> Prompt: For this exercise, copy the data exactly and omit any images.

> Dataset excerpt:
######

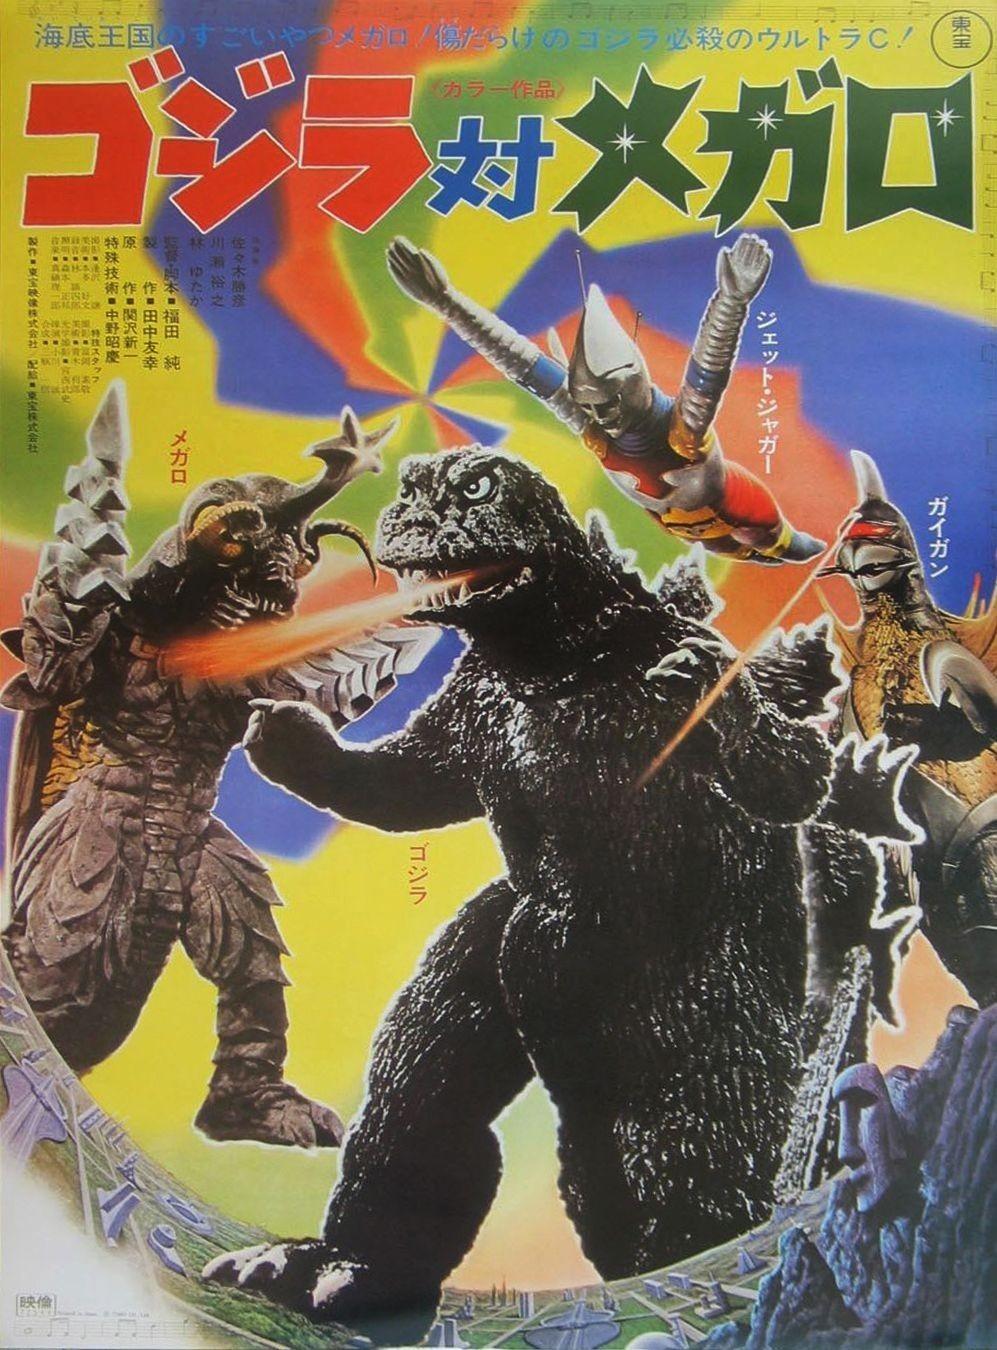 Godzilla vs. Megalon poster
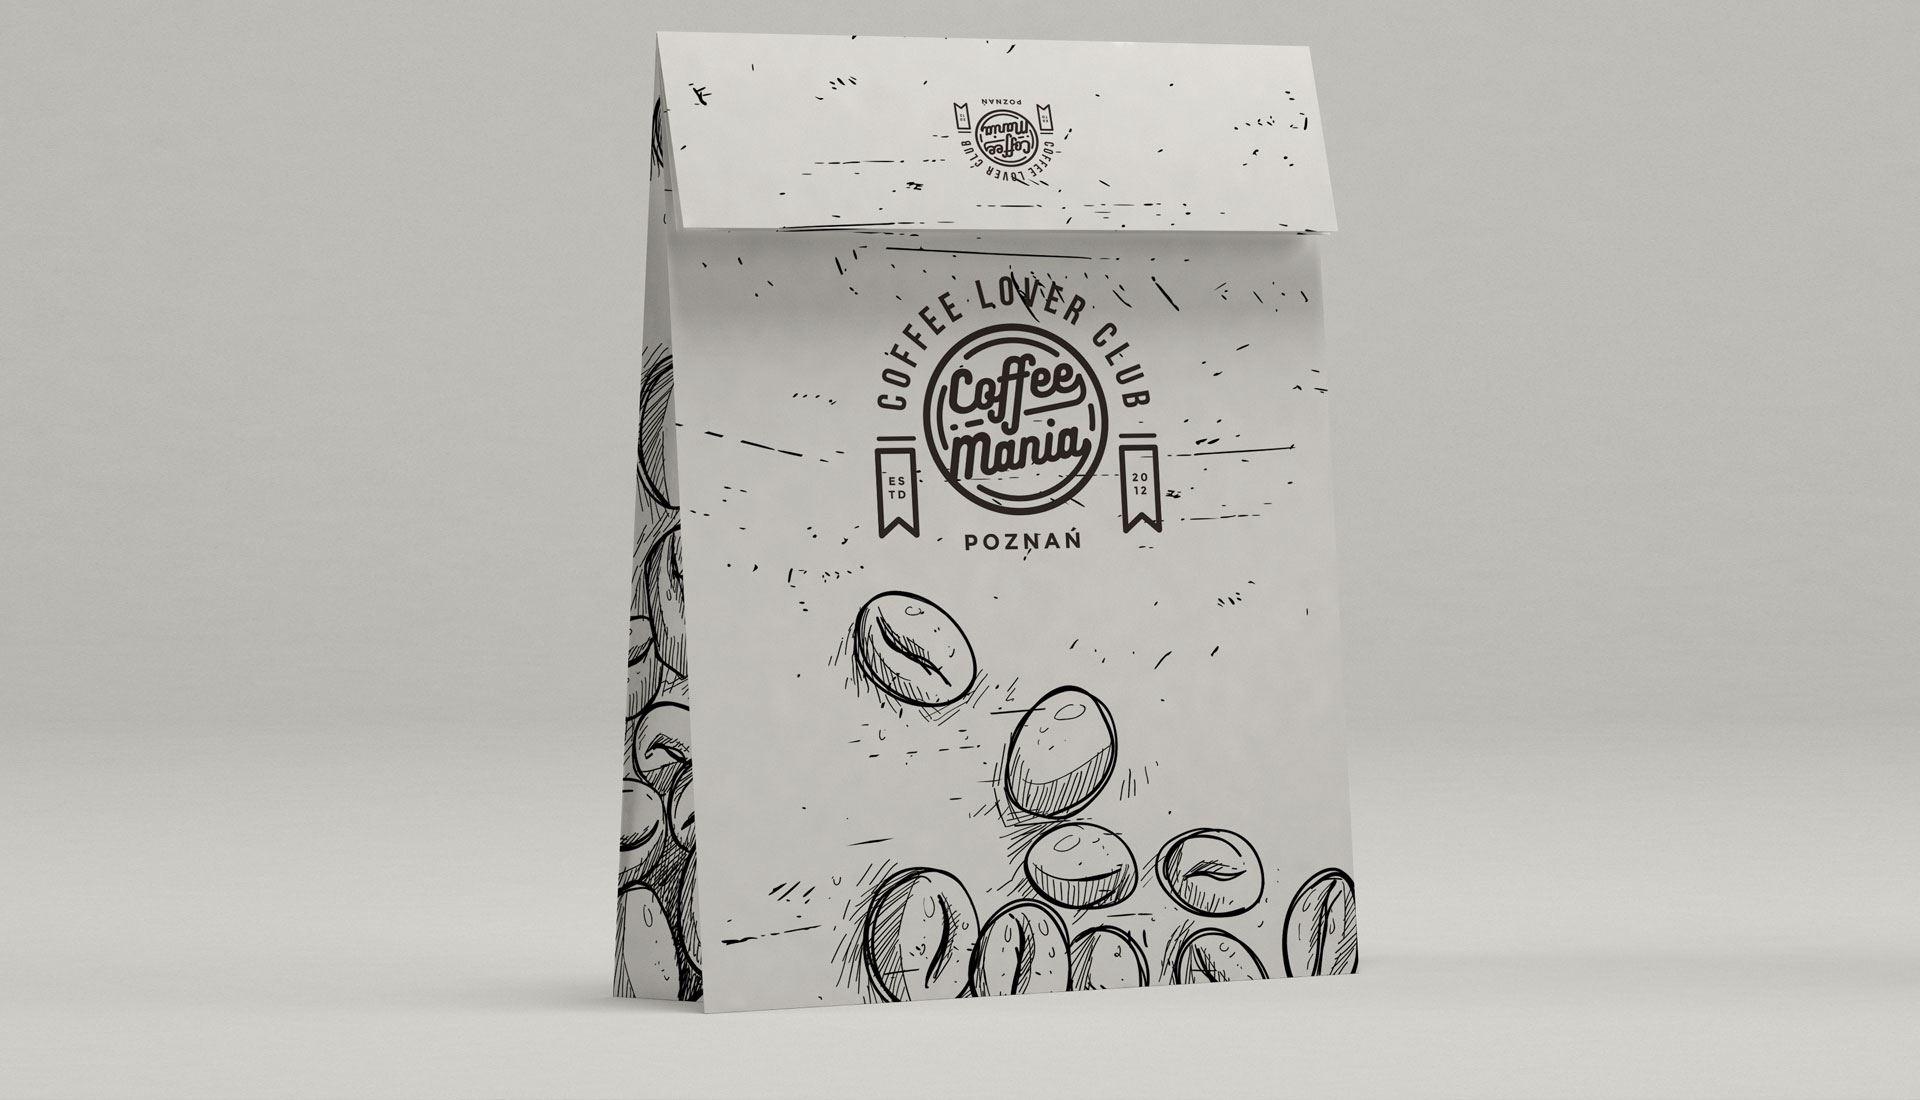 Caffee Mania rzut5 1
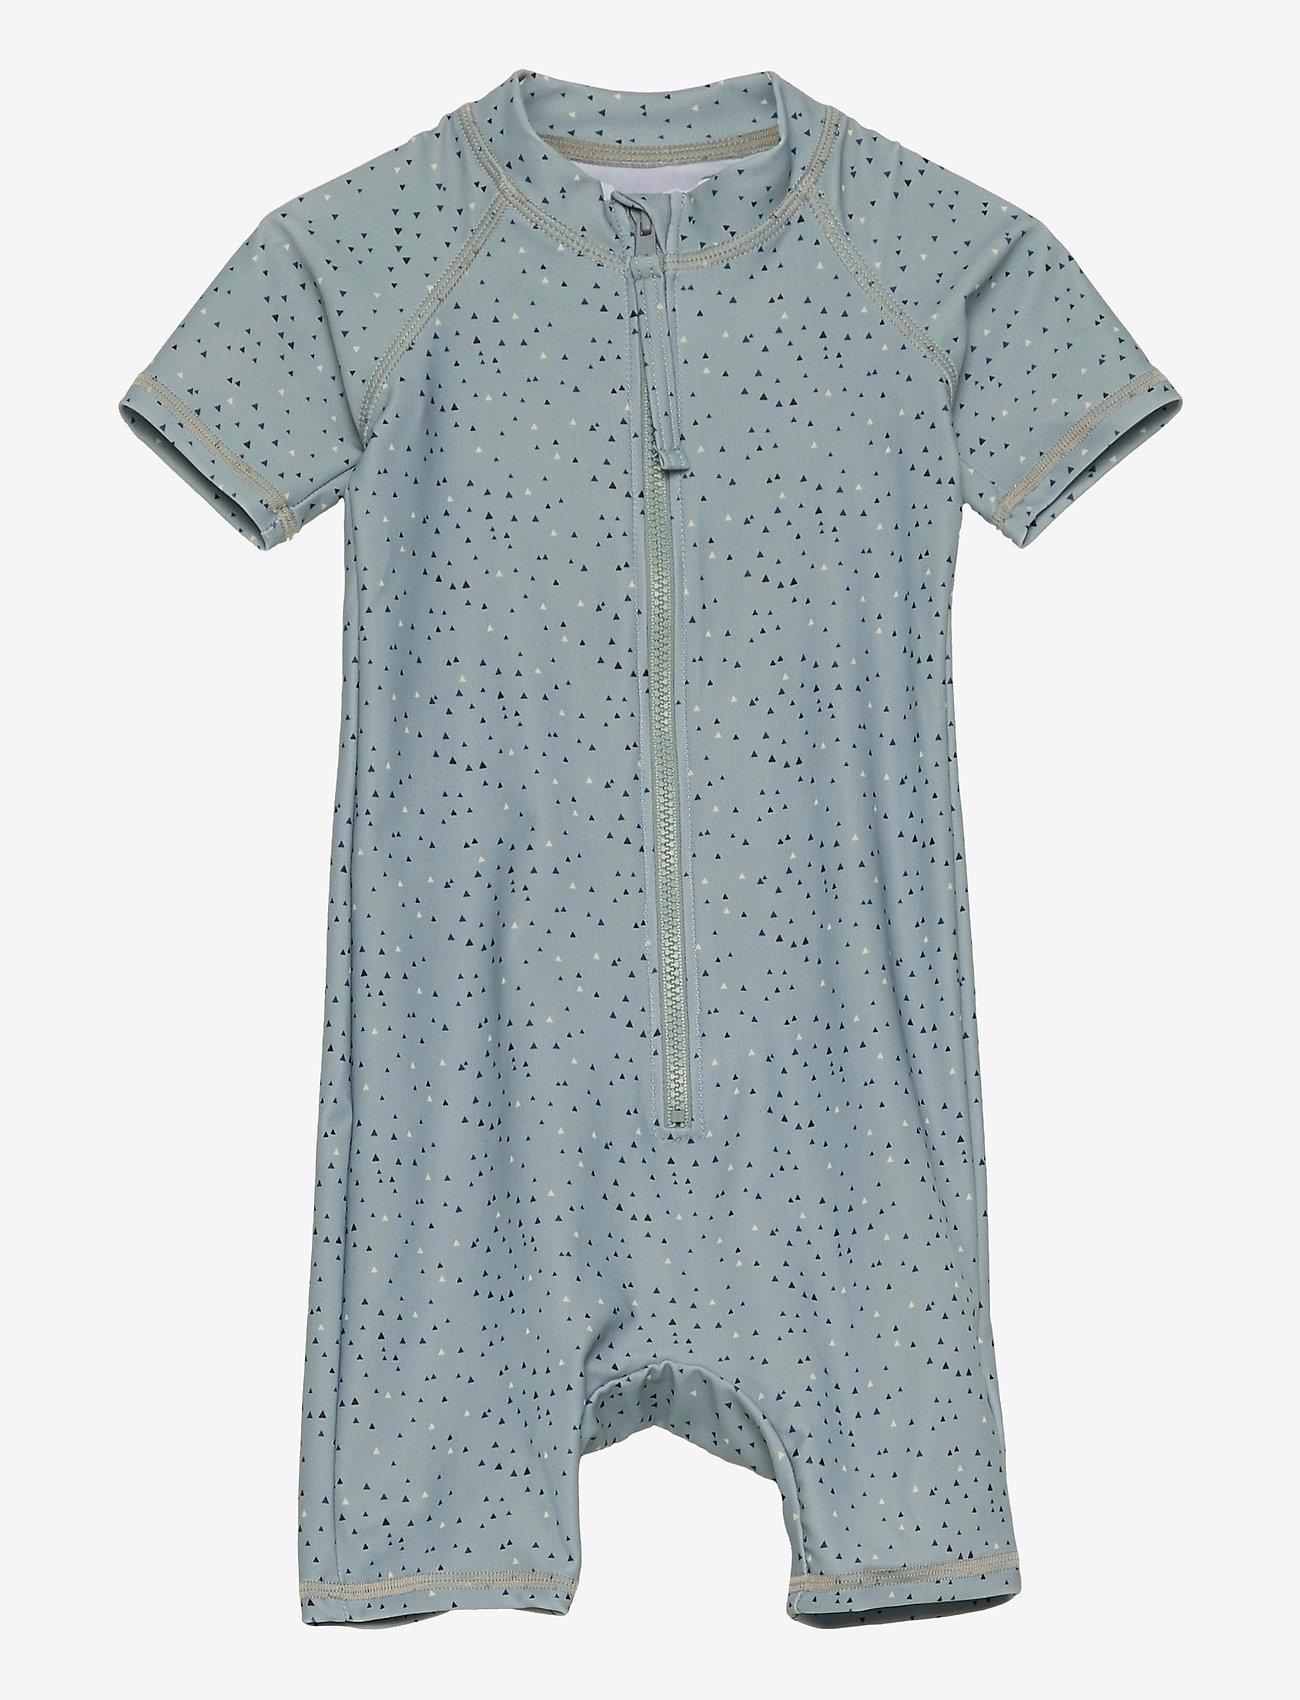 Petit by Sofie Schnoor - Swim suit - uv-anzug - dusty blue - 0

######

> Solution for this problem:
 Godzilla vs. Megalon poster
 Caffee Mania rzut5 1
 Petit by Sofie Schnoor - Swim suit - uv-anzug - dusty blue - 0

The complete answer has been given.